Dubensky likes to tell that story to underscore a point her organization stresses when training companies and organizations on embracing diversity: Accommodating the religious needs of a workforce can boost morale and the bottom line.

Dubensky said business is finally responding. She cited research by DiversityInc that found 78 percent of the organization's Top 50 diversified companies now offer floating religious holidays to employees compared with 42 percent nine years ago, and 70 percent provide prayer rooms today compared with 32 percent eight years ago. Awareness by employers and employees alike may continue to increase as America's religious landscape becomes more diverse and issues of religious freedom arise as a result.

"I’ve always called religion the stepchild of the diversity and inclusion movement," she said. "It has been mostly ignored in the workplace (compared to race, ethnicity and gender.) But, increasingly people are talking about it and now they are starting to do something about it."

Faith-work connection

Why it has taken so long for faith to be recognized as something employees can bring to the workplace is a mystery.

Religion and disability hold the distinction of being the only areas employers must accommodate under the 1964 Civil Rights Act, meaning they must ensure that the disabled can perform their assignments and workers can observe their faith. And based on surveys by the Pew Research Center and Gallup showing 77 percent to 79 percent of Americans identify with a faith tradition, there are a lot of religious people in the workplace.

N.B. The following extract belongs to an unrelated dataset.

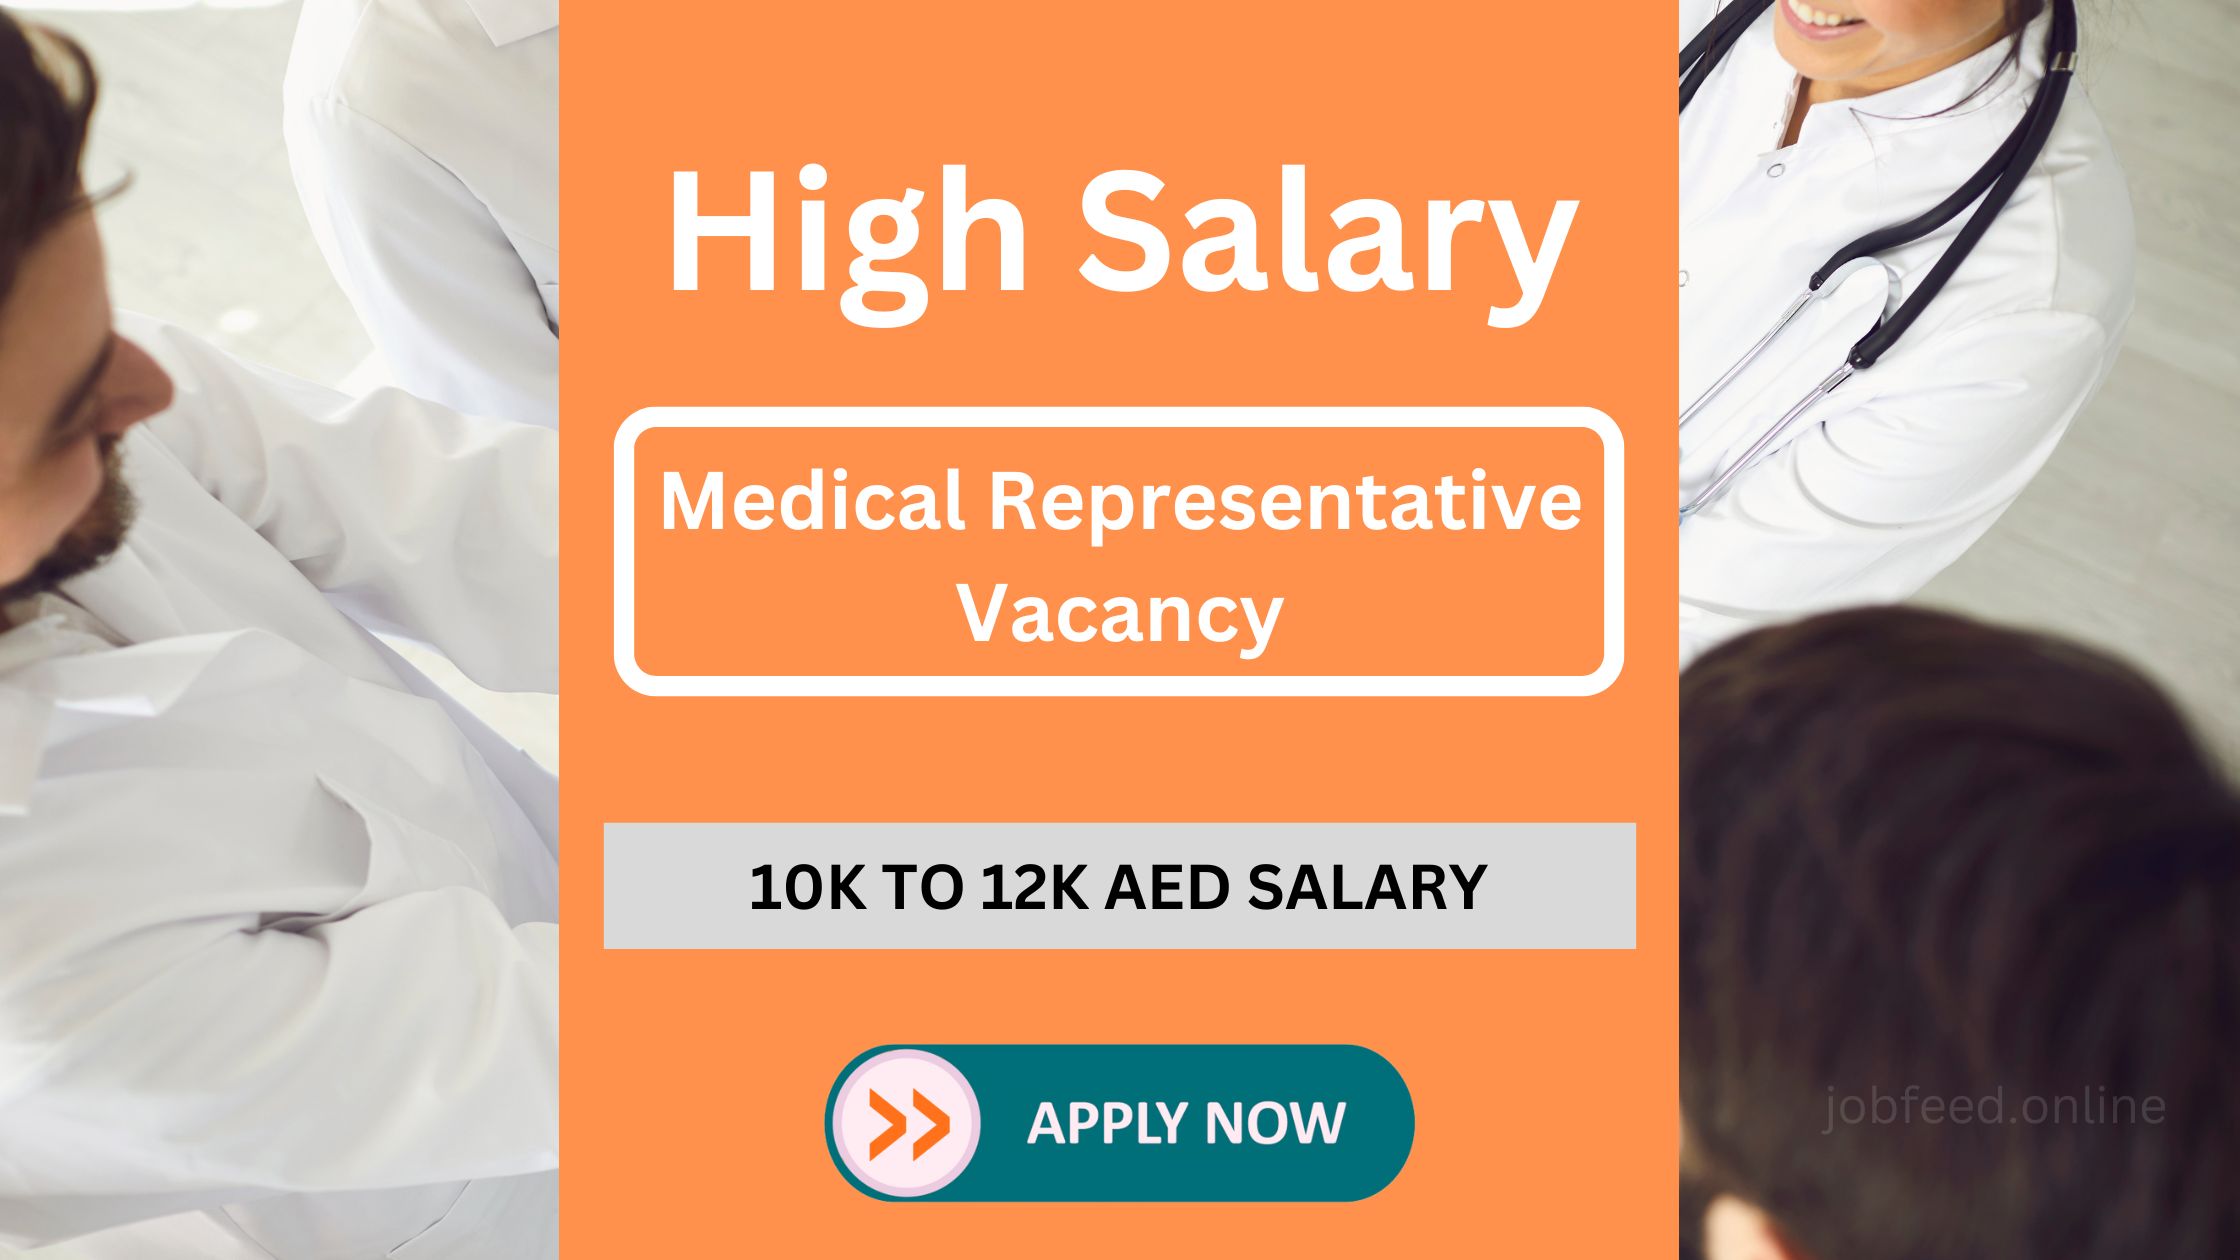 10K to 12K AED Salary - Medical Representative Vacancy

Yet religion has remained the proverbial elephant in the room at the office — a topic human resources people feared was too sensitive and personal to address from a policy standpoint and yet loaded with liability if someone was offended by an insensitive remark or unintended impact of a company practice.

"Faith has existed in the workplace for years, but what's new is that only now are people doing something about it," Dubensky said.

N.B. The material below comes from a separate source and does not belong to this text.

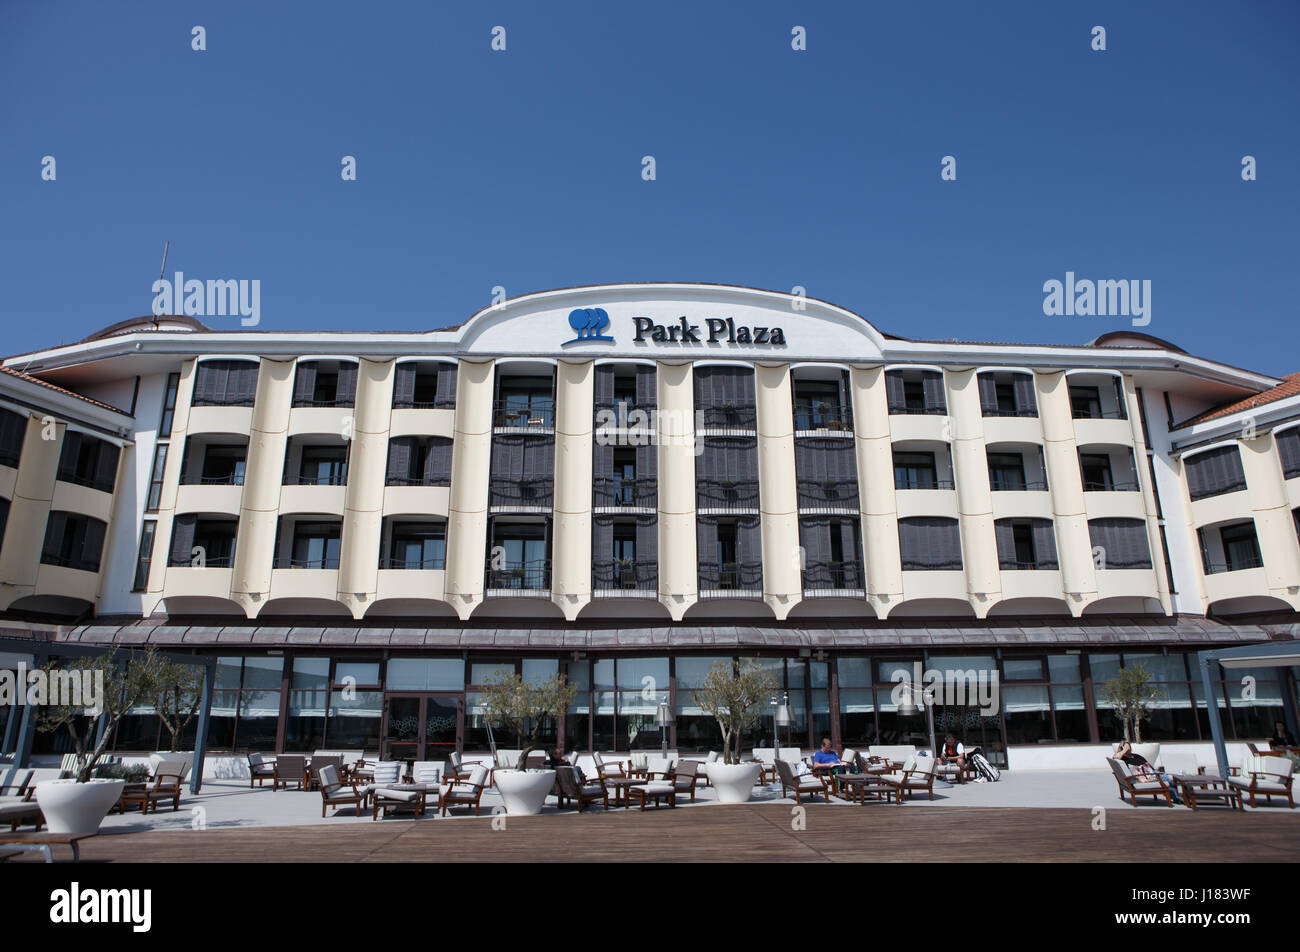 Hotel Park Plaza,Verudela, Pula, Istria, Croatia,Europe Stock Photo - Alamy

Employers have learned the hard way that ignoring the faith needs of their workers exposes them to labor enforcement penalties. Statistics from the U.S. Equal Employment Opportunity Commission show that from 1997 to 2012, religious discrimination complaints soared 123 percent, with a high of 4,151 complaints lodged in 2011.

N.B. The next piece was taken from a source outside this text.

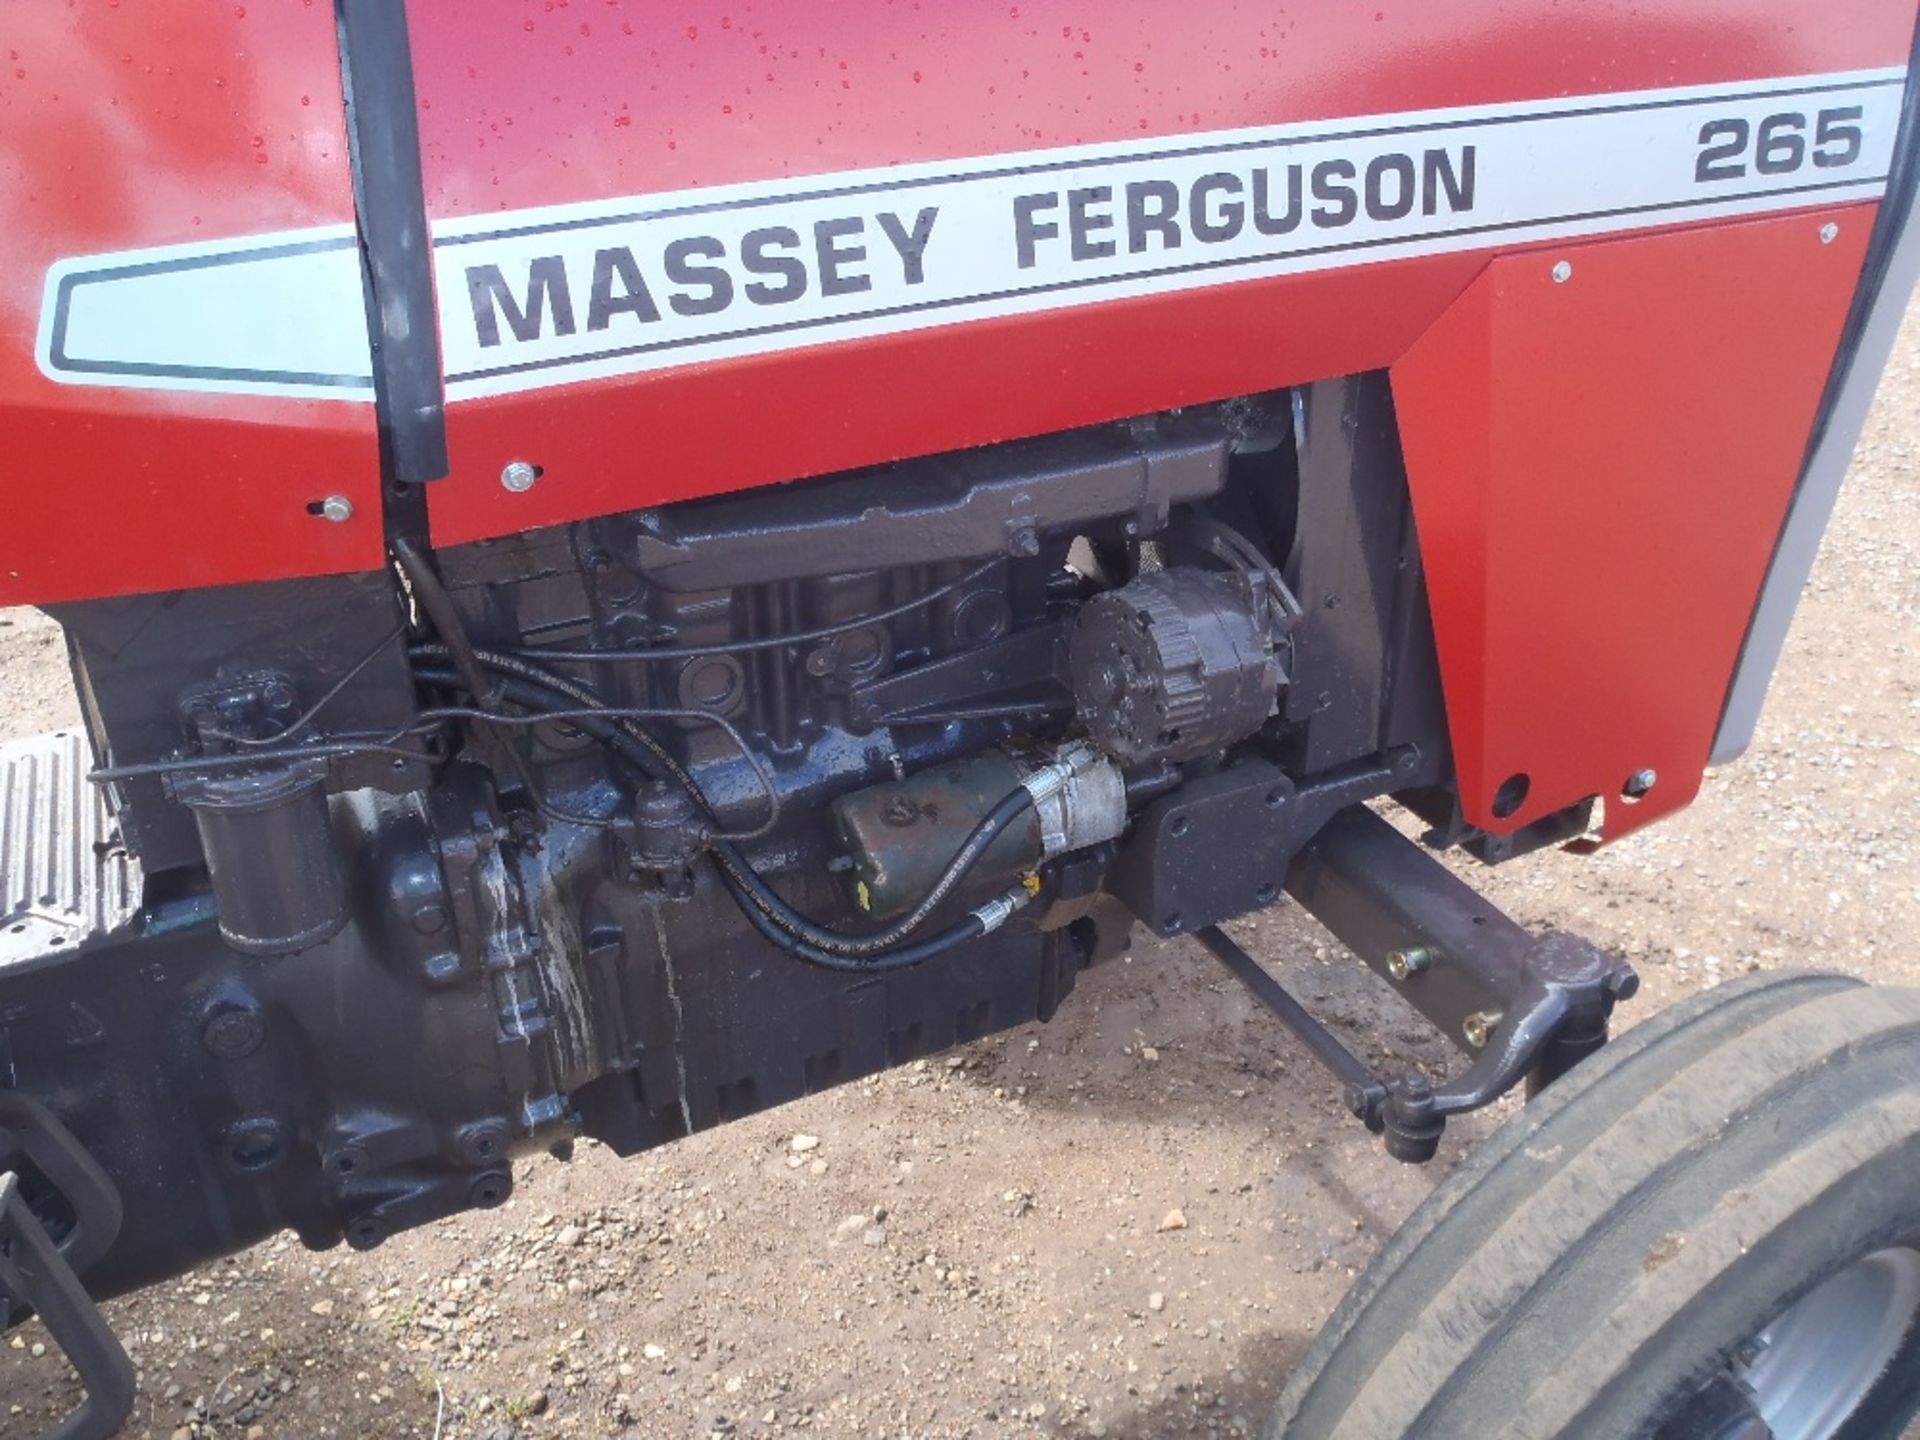 Massey Ferguson 265 Tractor - Image 7 of 9

The EEOC statistics also indicate employees have been slow to understand their rights to live out their beliefs at work, as long as it doesn't become an unreasonable burden on their employer.

Dubenksy said 9/11 was a turning point that put a bright light on religious discrimination against Muslims in the workplace. As a result of the complaints, awareness by employees and employers of religious rights in the workplace took hold and has grown ever since.

Though respect for religion at work has increased, the connection for individuals between their faiths and their jobs has always been strong. A recent study by social scientists at Brandeis University showed faith is a powerful influence on the choices religious people make about their occupations, as well as to where they live, who they marry and how many children they have.

Fifty-six percent of those who said religion was very or extremely important to them said their faith was a factor in their career choice. Of those who said religion was somewhat important, half as many — 27 percent — said faith factored into their decision on an occupation.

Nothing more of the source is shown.